SUPPLIED MATERIAL section start

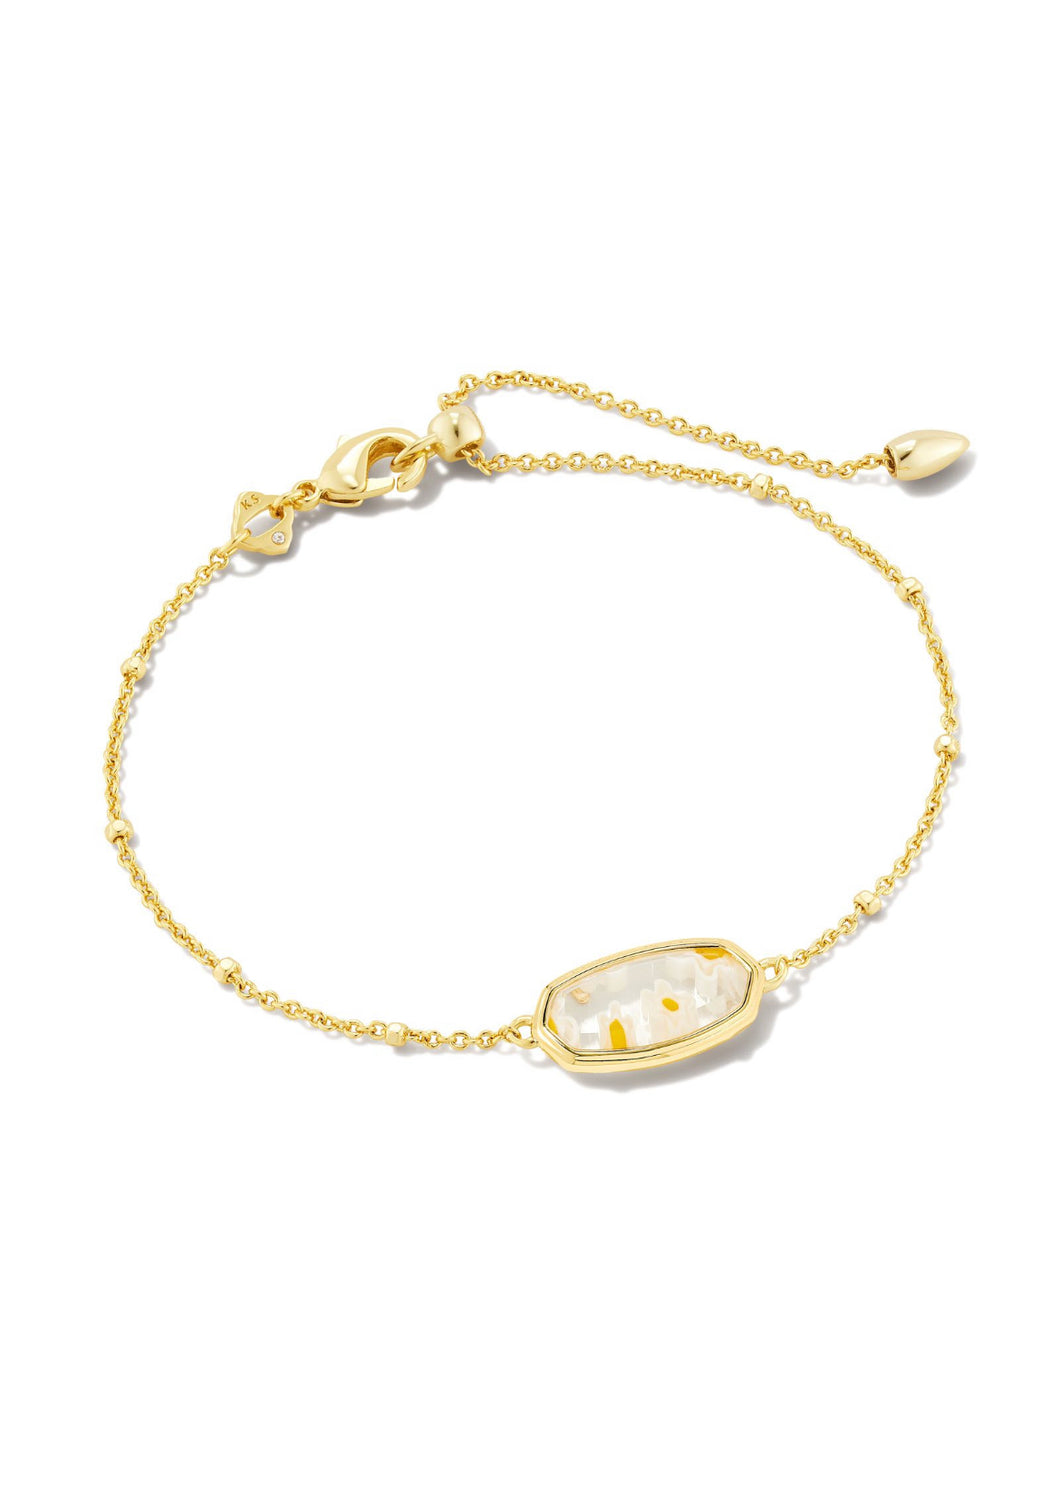 Kendra Scott: Framed Elaina Bracelet in Gold White Mosaic Glass
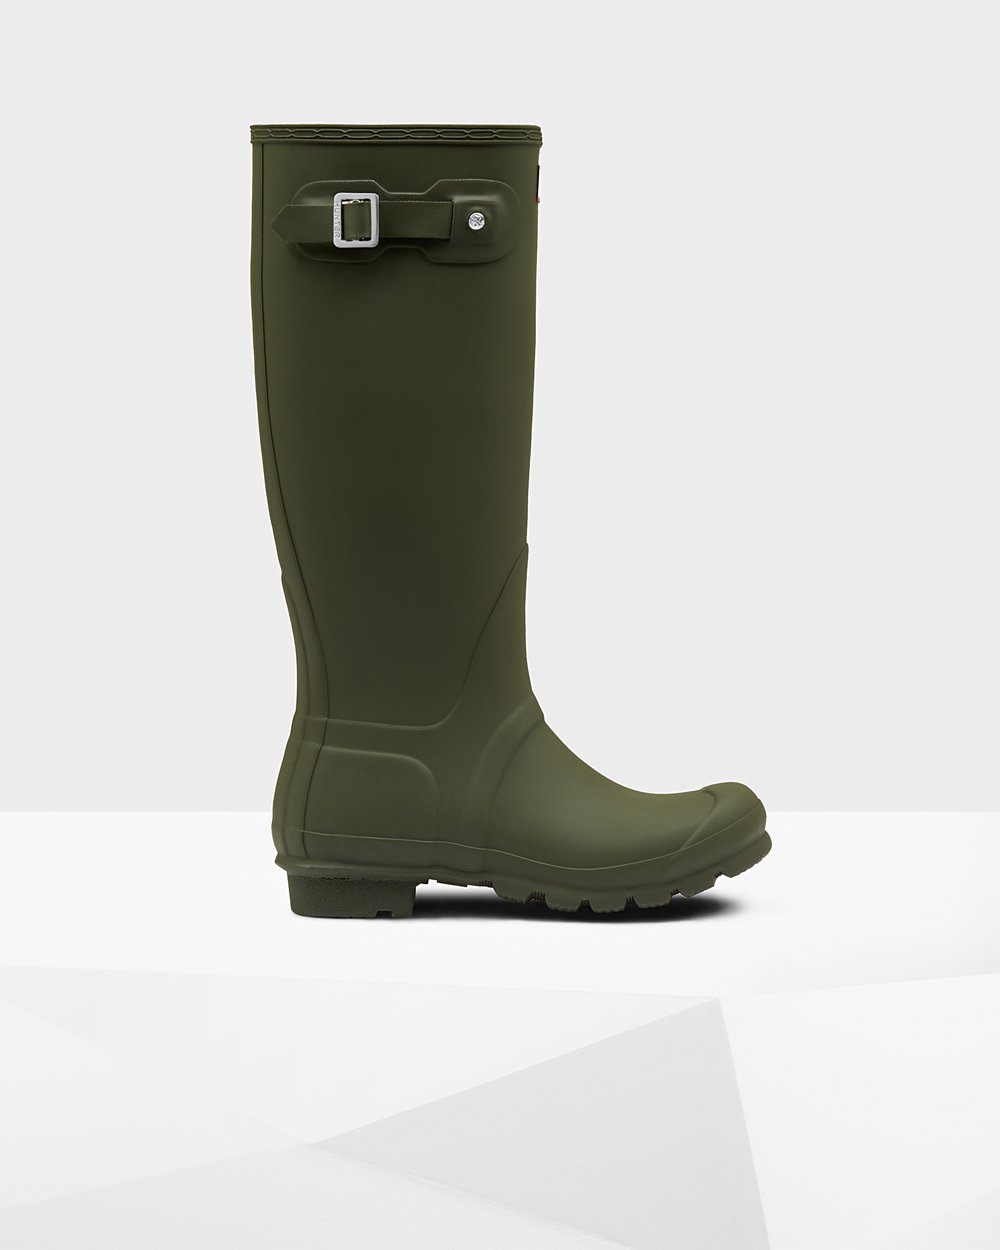 Womens Tall Rain Boots - Hunter Original (85WRJDCHK) - Dark Olive
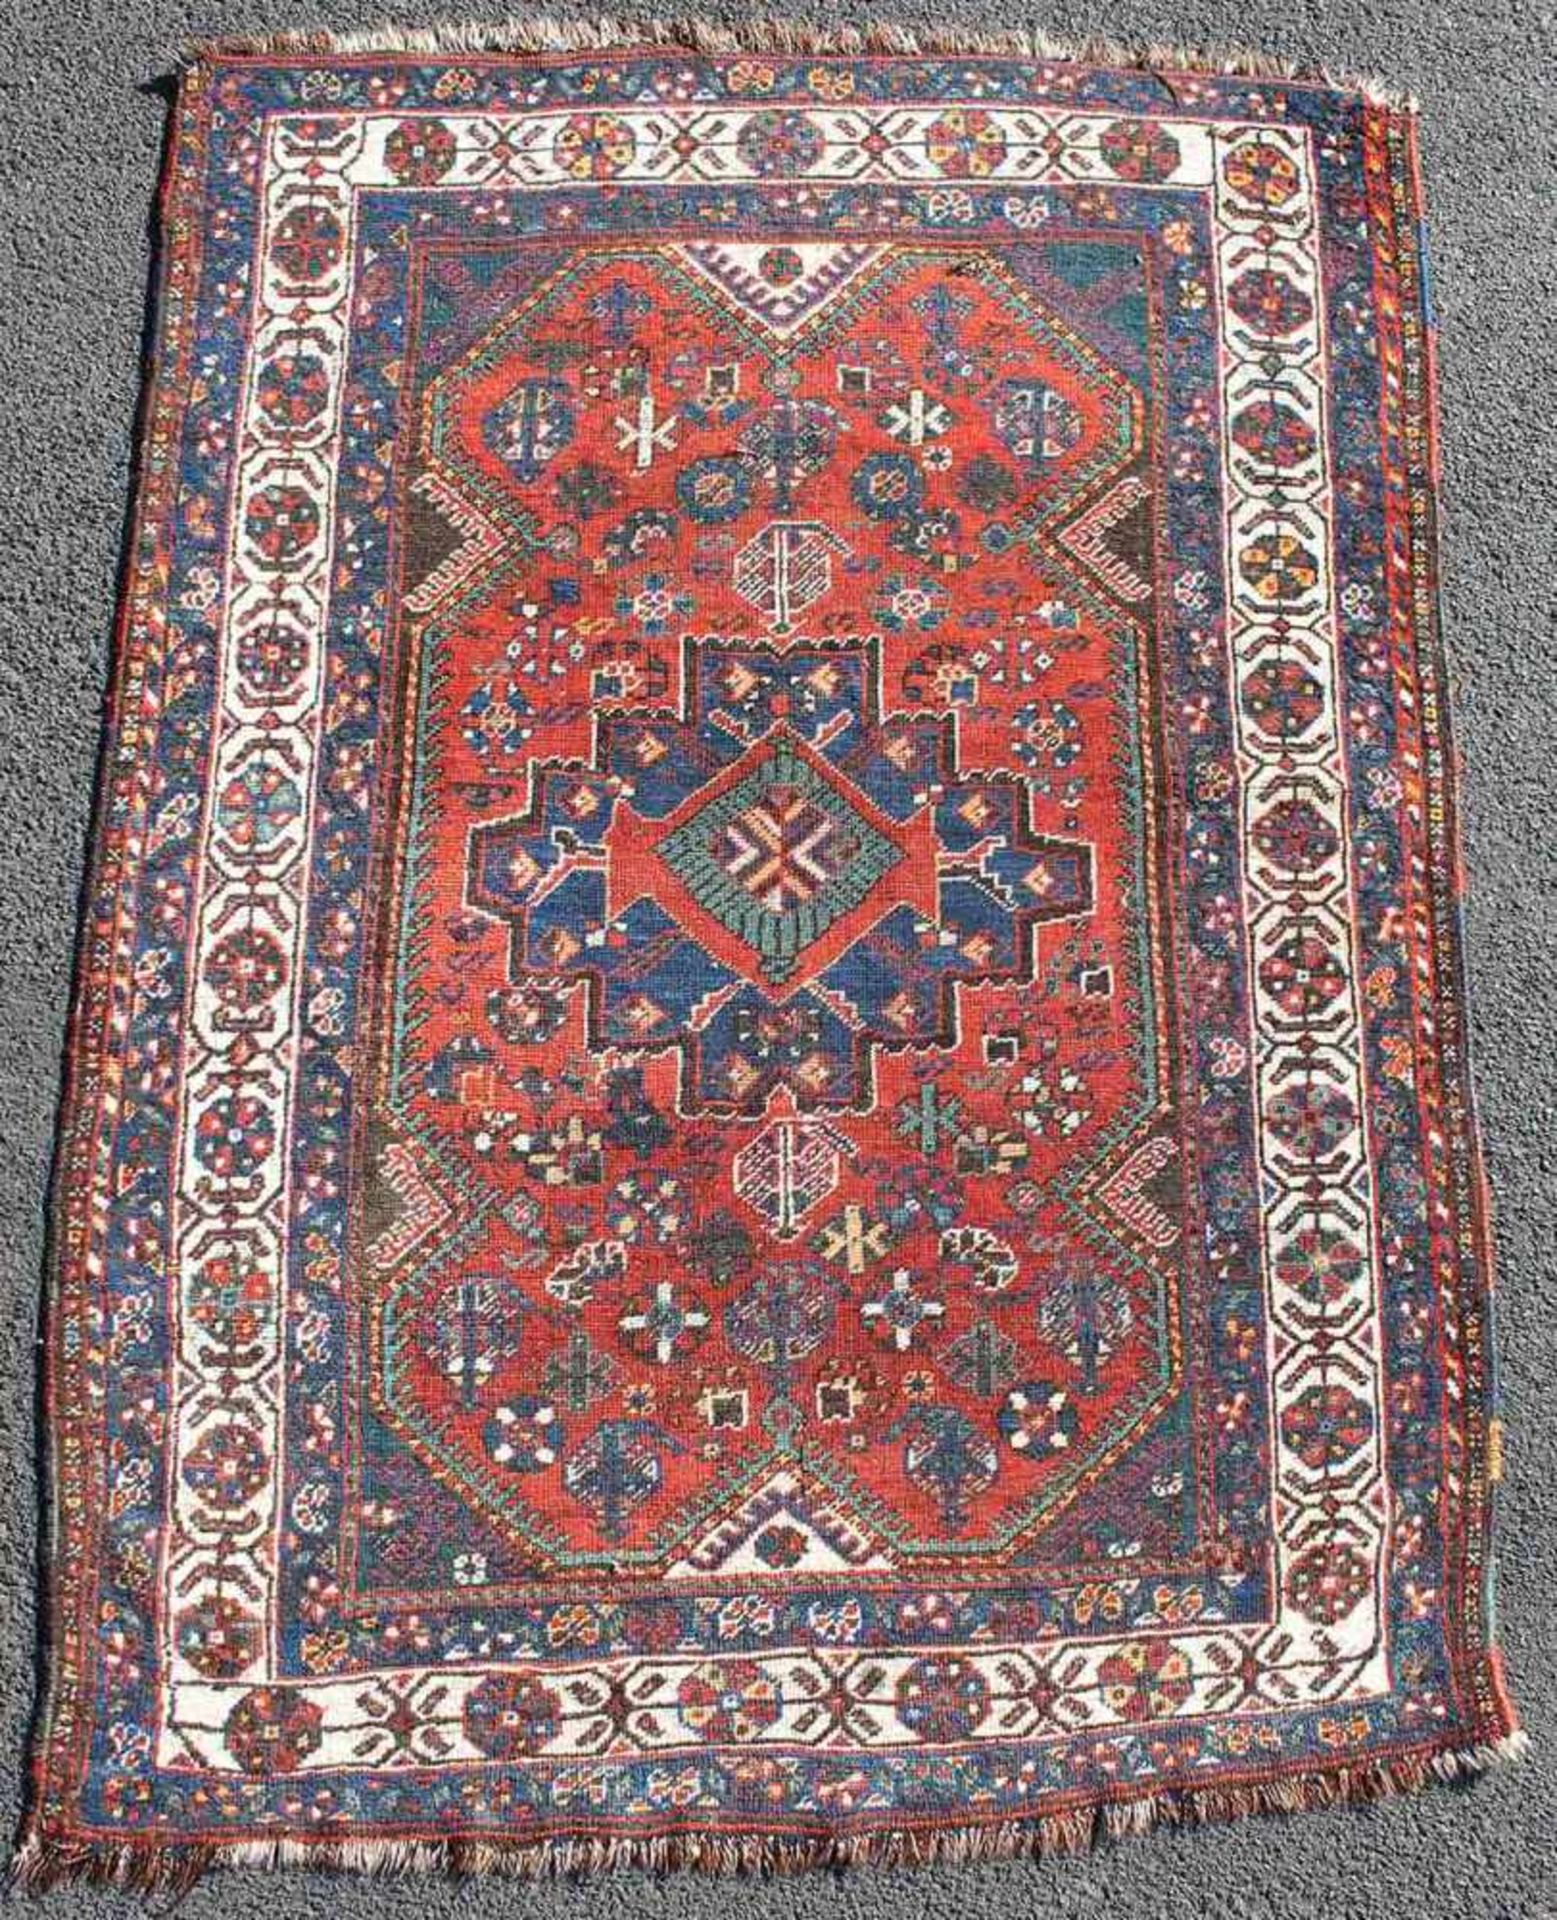 Schiraz Perserteppich. Iran. Antik, um 1920.153 cm x 110 cm. Handgeknüpft. Wolle auf Wolle.

SUPPLIED MATERIAL section end

YOUR ASSIGNMENT: An exact, word-for-word version of the material is required, free of pictures.

RESPONSE BELOW:
 Kendra Scott: Framed Elaina Bracelet in Gold White Mosaic Glass
 Womens Tall Rain Boots - Hunter Original (85WRJDCHK) - Dark Olive
 Schiraz Perserteppich. Iran. Antik, um 1920.153 cm x 110 cm. Handgeknüpft. Wolle auf Wolle.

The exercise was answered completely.